Двери в дом были приоткрыты. Я для приличия постучалась в створку. Из глубины донесся голос Женечки:
– Заходите, кто там есть!
Я зашла. Увидев меня, он засуетился, стал извиняться за беспорядок. Я сказала, что не могу разобраться с натуральными логарифмами и пришла к нему за помощью.
Потом, сдвинув стулья, мы долго сидели за письменным столом. Я делала вид, что целиком сосредоточена на его объяснениях, и прижималась „ненароком“ грудью к его боку. Женечку кидало в жар, он путался в определениях и формулах. Наконец я обрадовано воскликнула, что все поняла, встала в полный рост. Он тоже поднялся со стула. Я как бы в порыве благодарности бросилась ему на шею, повисла на ней, обхватив двумя руками, плотно прижалась всем телом и поцеловала в щеку.
А потом… Потом мы смотрели друг другу в глаза и так долго целовались, что заболели губы. Вечером пришел с работы его отец. Мы расстались, договорившись встретиться через пару часов у входа в сквер. Женечка пришел на свидание в новых ботинках, с букетом ландышей. Мы гуляли по аллеям, снова целовались, он читал посвященные мне стихи, нежные, искренние.
На третий день нашего бурно расцветшего романа я отдалась ему на сеновале в старой риге. Все было ужасно романтично и сказочно прекрасно, но Женечку сильно удручило то, что он у меня не первый и я отдалась ему, уже не будучи девственницей. Я рассказала про Мишку, он стал упрекать меня, почему я не дала этому пошляку и задаваке достойного отпора.

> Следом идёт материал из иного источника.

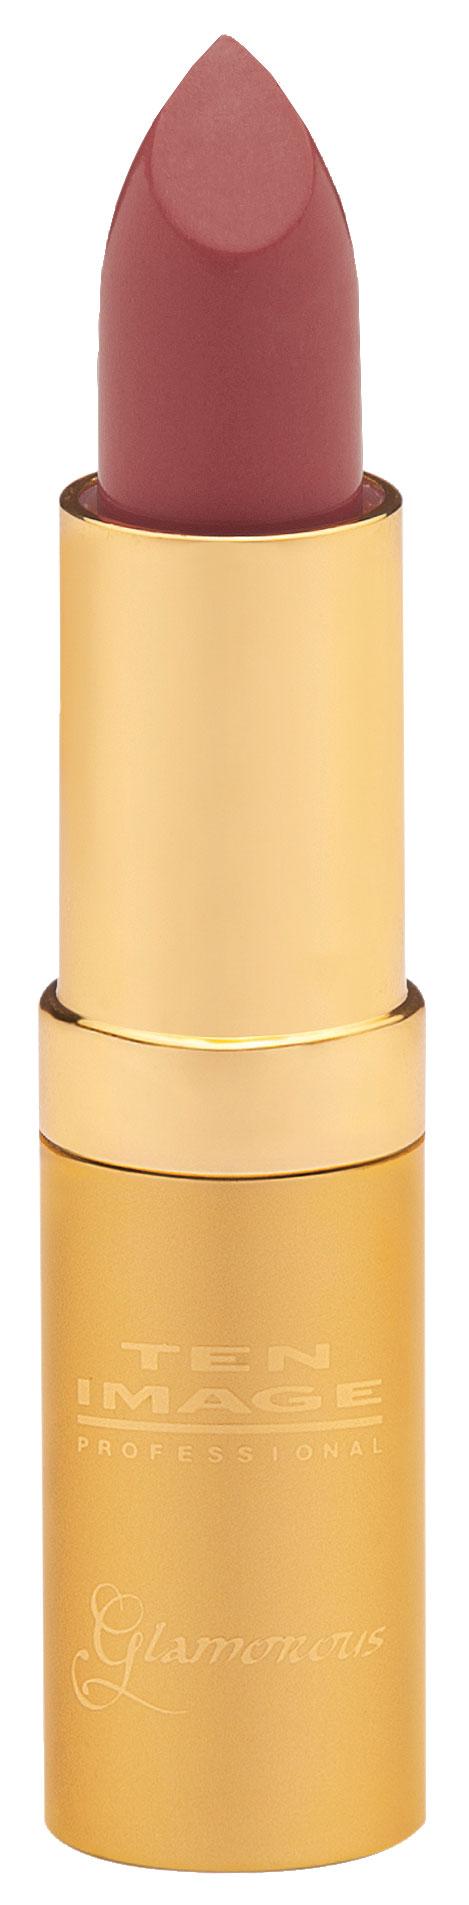 Luxury Lipstick de Ten Image

Я плакала, умоляла меня простить, но не умолила. Наш роман закончился.
Я чувствовала себя одинокой, никому ненужной, всеми презираемой и, вернувшись домой, решила разом покончить с этой жизнью. Воображение сладостно рисовало, как Женечка раскаивается в своей жестокости и, задыхаясь от слез, падает на крышку моего гроба. Осуществлению планов помешал приход мамы. Она без слов поняла, что со мной происходит, обняла меня. Я разревелась у нее на груди, рассказала о разрыве с Женечкой. Она слушала, гладила меня по голове, что-то говорила, утешала…
До конца мая оставалось два дня. Я не хотела встречаться с Мишкой, поэтому решила сама отнести злополучную папку в горком комсомола.

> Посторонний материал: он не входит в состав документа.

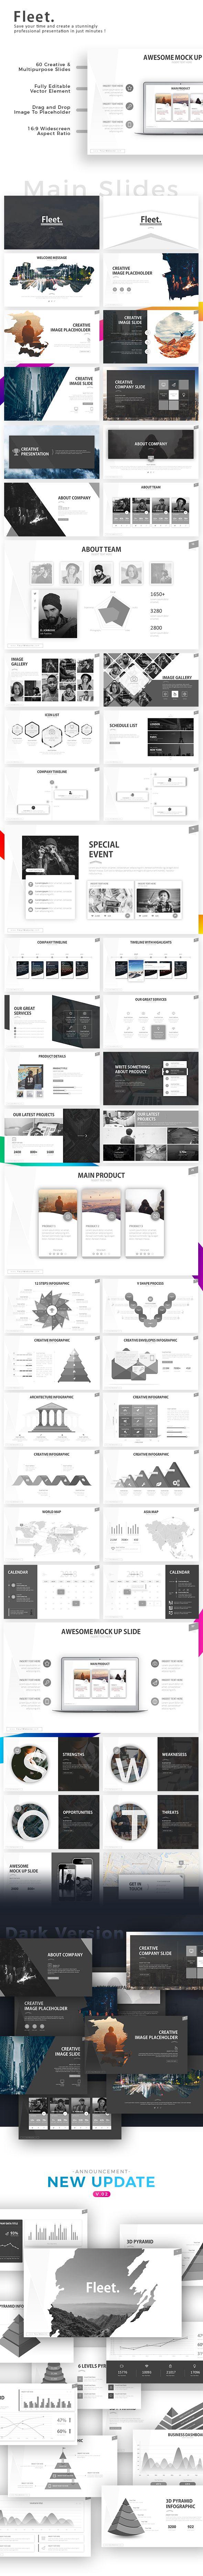 Fleet  Powerpoint Template  Element Chart Presentation

В дверях горкома столкнулась с первым секретарем и сунула ему папку в руки. Он повертел ее в руках, прочитал на корочке надпись „Женский вопрос“ и удивленно спросил:
– Что это?
К дверям подошла какая-то женщина в брючном костюме и с погасшей папироской в уголке рта.
Я посторонилась, пропуская ее, и ответила секретарю:
– Это ваша папка. Мне ее Мишка Шаронов передал для изучения и сказал, что до летних каникул надо вернуть в горком.
– Идея Константиновна, – окликнул секретарь уже поднимавшуюся по лестнице женщину, – вернитесь к нам на минутку.
Женщина обернулась, вынула изо рта папироску:
– Что еще?
Секретарь поднял вверх папку.
– С вашего отдела?
Женщина спустилась с лестницы, взяла папку, посмотрела на меня:
– Как, девочка, это оказалось у тебя?
– Мишка Шаронов дал.
Она окинула меня быстрым взглядом с головы до ног и скомандовала:
– Иди за мной. Будем разбираться.
Я послушно поднялась за ней по лестнице. Мы зашли в маленькую комнатку с низким потолком и маленьким окошком, открывавшим вид на глухую стену соседнего дома. По стенам комнаты напротив друг друга висели в массивных рамках портреты Крупской и Сталина. Под портретом Крупской, чуть ниже, без рамок на гвоздиках были прикреплены портреты Александры Коллонтай, Розы Люксембург и Клары Цеткин. Почти все место в комнате занимал стол, застеленный прожженной в нескольких местах красной скатертью, заваленной сверху бумагами, книгами, папками. Вокруг стола стояли четыре деревянных стула, выкрашенных темно-зеленой краской, изрядно протертой на сиденьях и спинках.
– Присаживайся, – предложила мне Идея Константиновна, указав рукой на один из стульев.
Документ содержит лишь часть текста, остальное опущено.